ARE we seeing a fundamental change in the political climate of Northern Ireland - or merely a sunny patch of promising weather before the storm erupts again?

There's good reason to believe that, a generation or two hence, this period will be seen as one of bright new directions, when political maneuvering replaced violence.

In recent days, British Prime Minister John Major and Irish Prime Minister Albert Reynolds have kept up their efforts on Northern Ireland, albeit at long range with each on separate trips abroad. To assure unionists, Mr. Major has reiterated that the results of any future peace talks would be put to a referendum in the province. For republicans, he has opened 10 border crossings into the Irish Republic and removed the ban on the voices of Sinn Fein spokesmen being broadcast in Britain.

Mr. Reynolds, though an advocate of moving forward quickly with talks, has sought to put a realistic time frame on any change in Northern Ireland's political status. ``Let the people decide if they want a change,'' he said, ``and if in 25 years' time or 20 years' time or whatever, they feel there's more benefit that way than the other, well fine, let them make the decision.''

Wisely said. A rush to a settlement would do more harm than good. Northern Ireland needs a period in which its people can experience life without shootings and bombings, without an occupying army, and with more jobs and prosperity. In this better climate, some new self-rule scheme - not yet devised or debated - might be possible. It could provide a comfort level on both sides that would make nominal rule under either Britain or Ireland acceptable to the majority of both Catholics and Protestants.

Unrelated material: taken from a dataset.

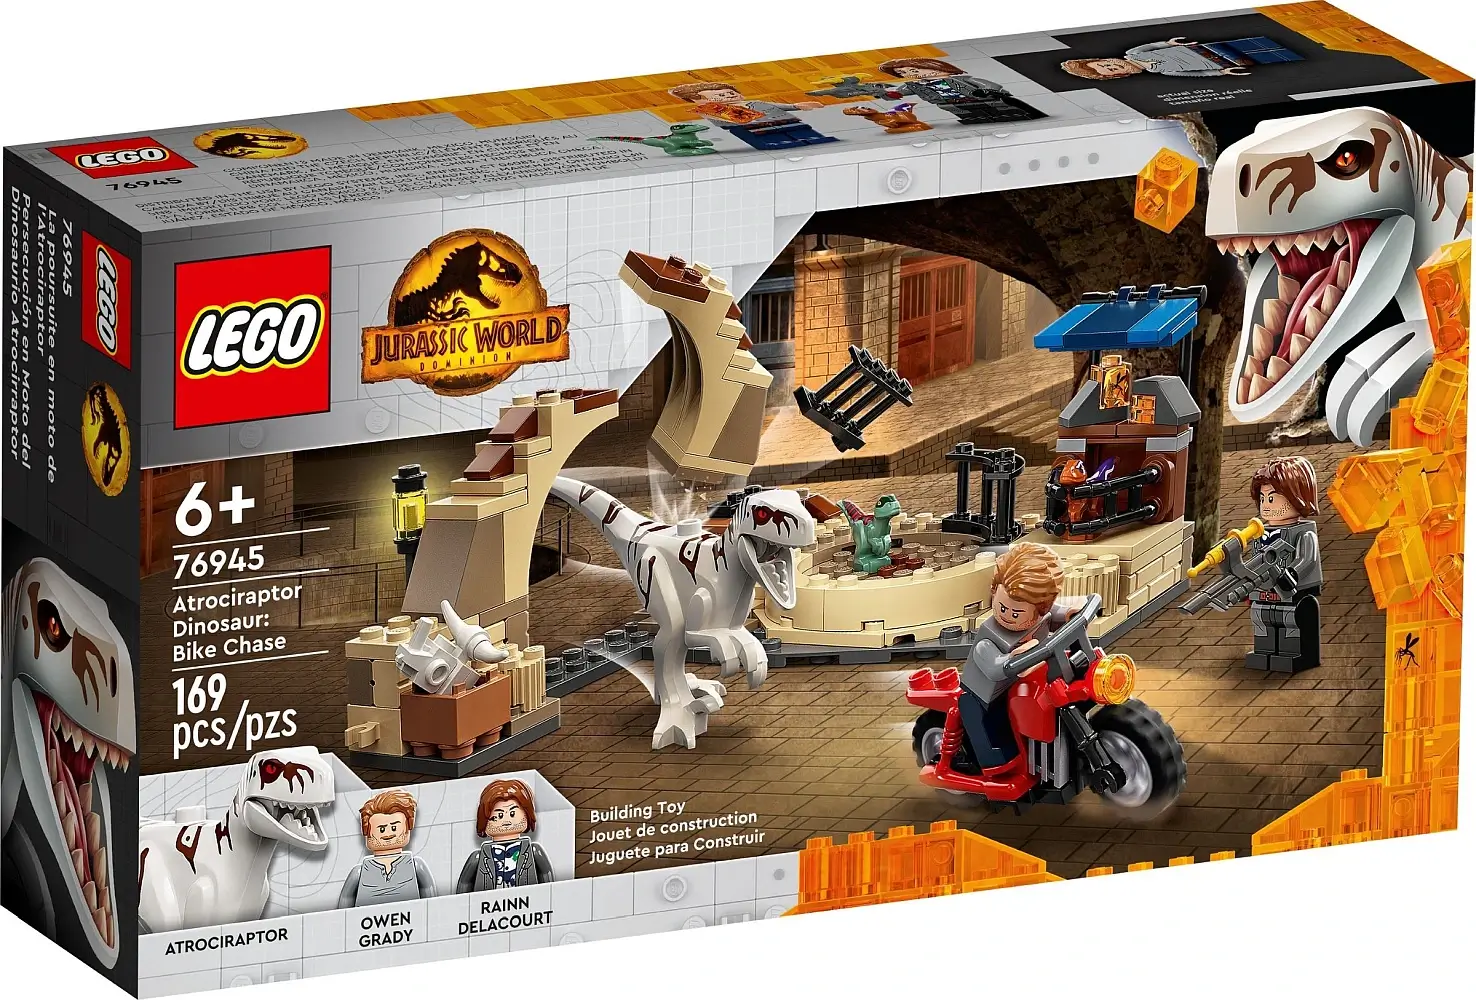 Pudełko zestawu 76945 z serii LEGO® Jurassic World™ – Atrociraptor: pościg na motocyklu

Today, unprecedented steps toward a brighter future are under way. Both republicans and unionists are heading to the United States to lobby. This is the new ``war,'' a war of words aimed at winning the international community to their positions. Someday, it will be a war of ballots and votes, a time to choose how to best express a sense of national identity.

It is the only ``war'' in Northern Ireland that has ever made sense.